気分爽快な俺は、台所でただ一つだけ堂々とした存在感を放つ白い箱(冷蔵庫)をまじまじと眺め、そして封印されしその扉を開くのだった。
「涼しい・・・」
扉を開くと同時に、その箱の中から冷気が流れ出てきて俺の体を包みこんでいく。
それと同時に、箱の中に鎮座している様々な食品の悪魔的な香りが、俺の嗅覚を刺激し、食欲をわかせる。しかし、俺はそんなものには目もくれずただ一つ、円柱状の銀色(缶)のものを手に取るのだった。
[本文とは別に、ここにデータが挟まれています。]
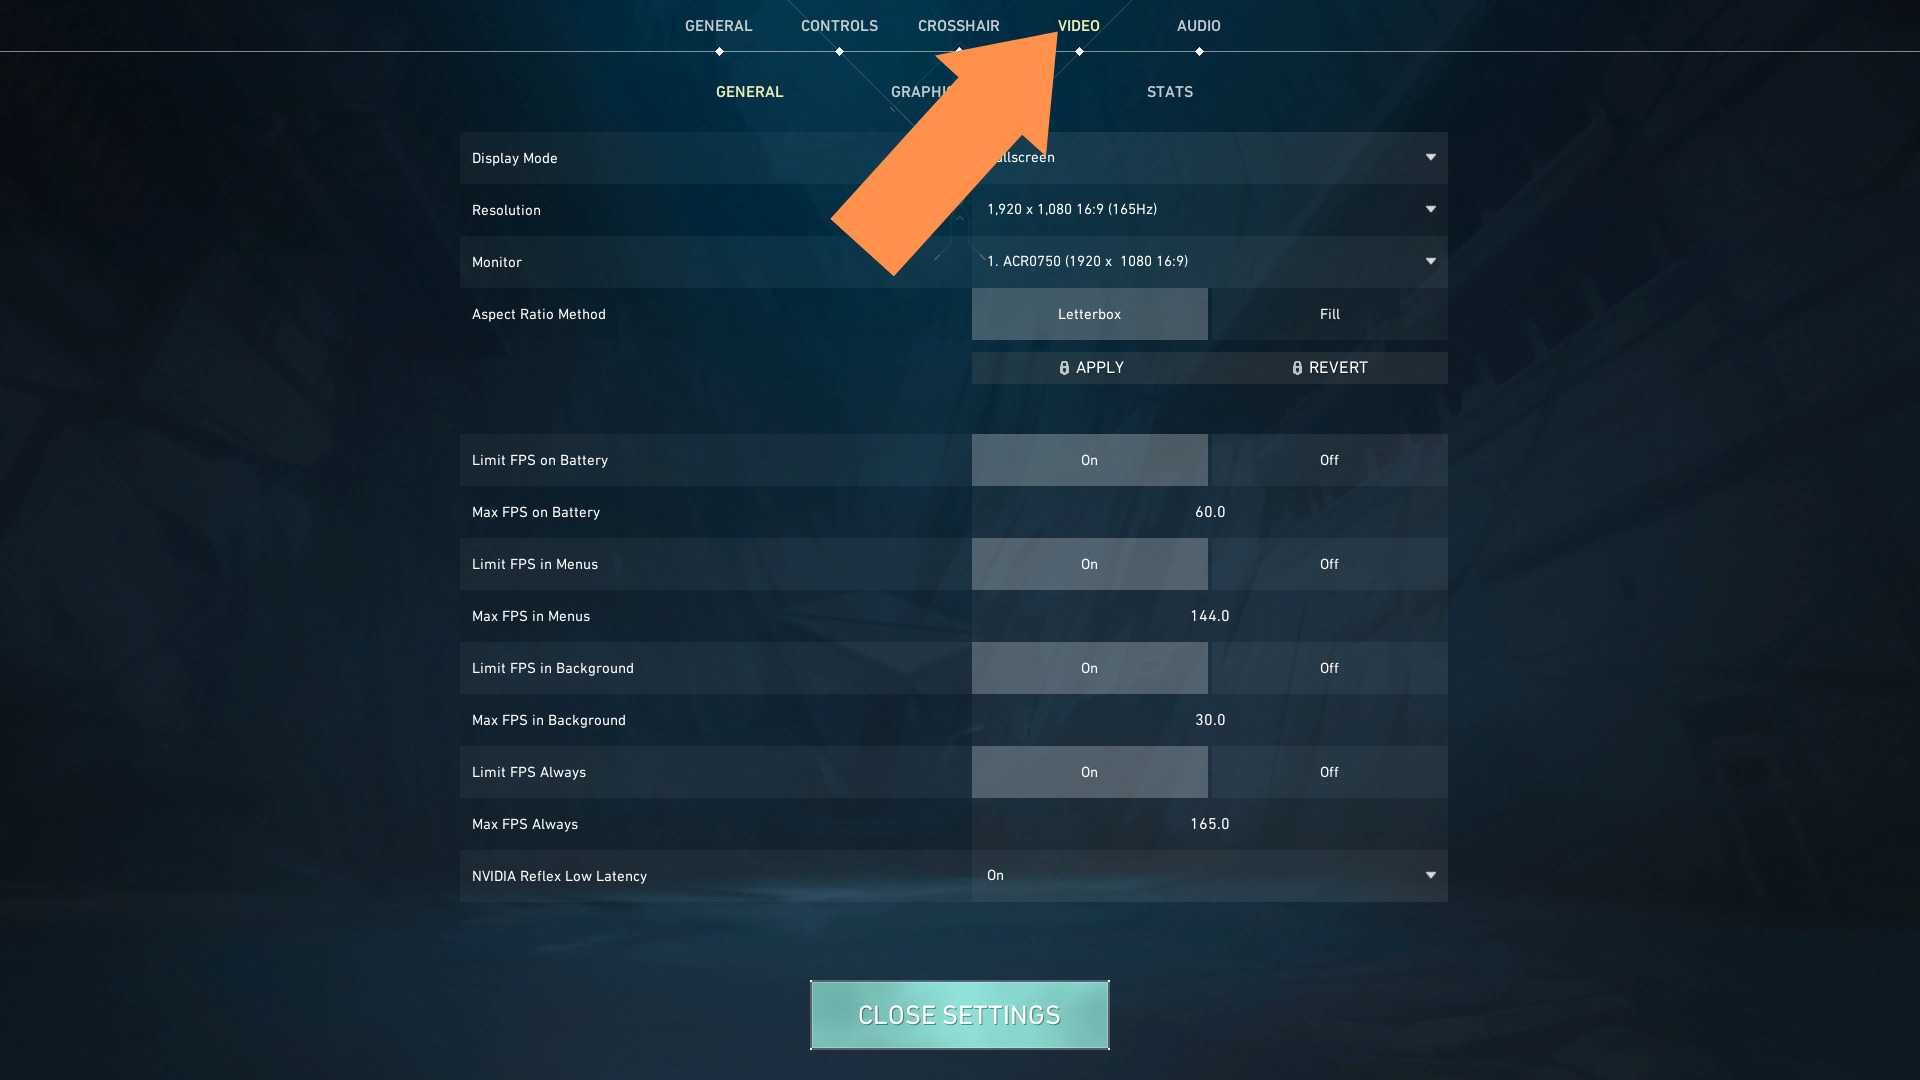 A screenshot of Valorant's settings menu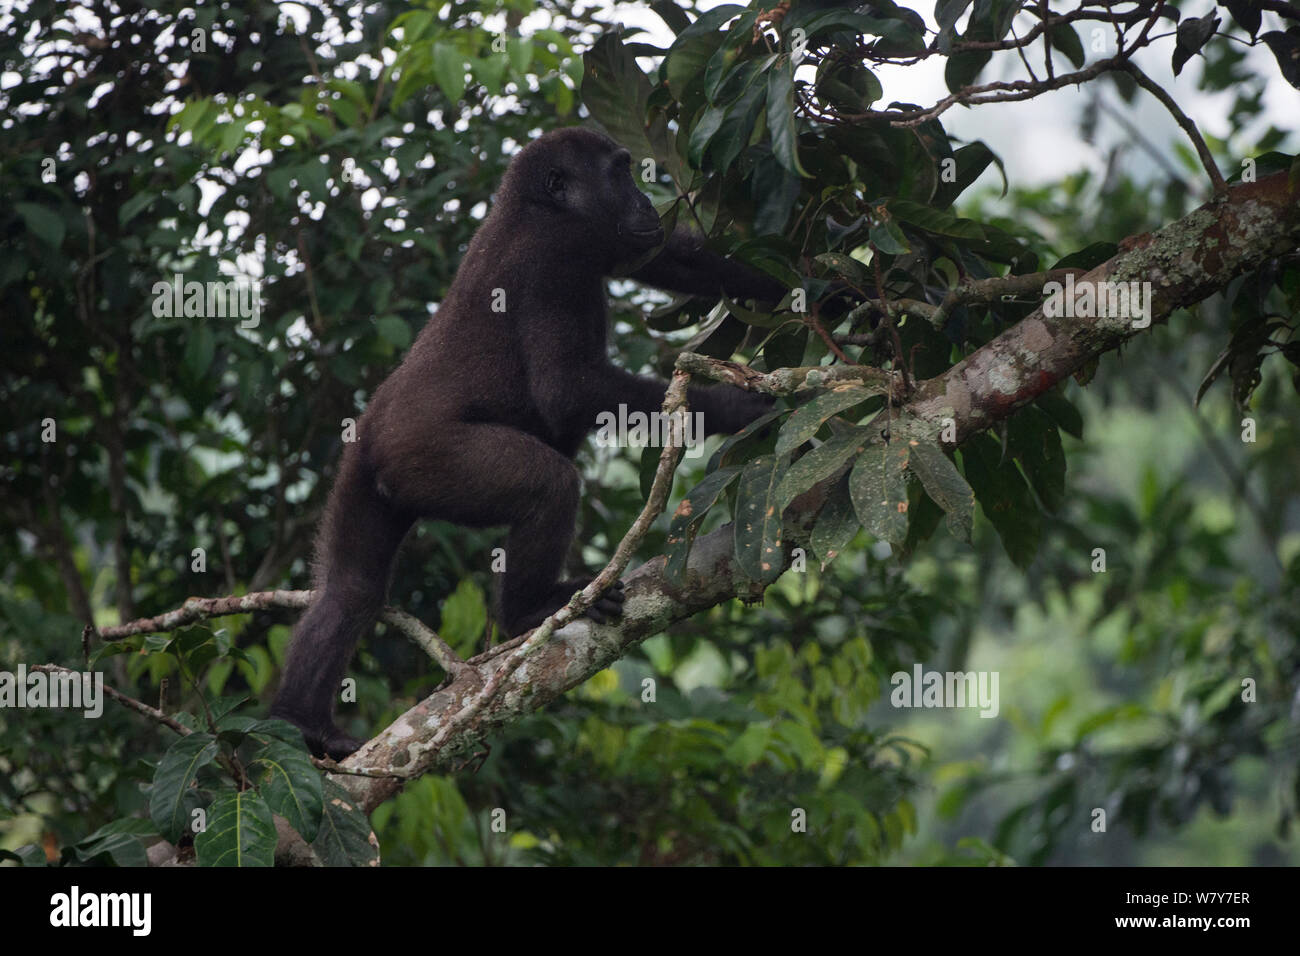 Western lowland gorilla (Gorilla gorilla gorilla) climbing fallen trunk. Ngaga, Odzala-Kokoua National Park, Republic of Congo (Congo-Brazzaville), Africa. Critically Endangered species. Stock Photo

手から伝わる温度、冷たい。箱から流れ出る冷気と、この銀色のものから伝わる冷たさで、熱いシャワーに入った俺をどんどんと癒していく。
あぁ、熱いシャワーに入ってよかった。こんなことを思いっきり実感することが出来る。うれしいことだ。
テレビのところに缶を持って行き、テレビをつける。テレビの内容はつまらないものだが、そんなものはどうでもいいのだ。
ただ、これを味わうことが出来れば。ただこれを飲むことができれば、それだけで十分だ。
・・・今、俺かっこいいこと言ったよね? メモっといてもいいからね。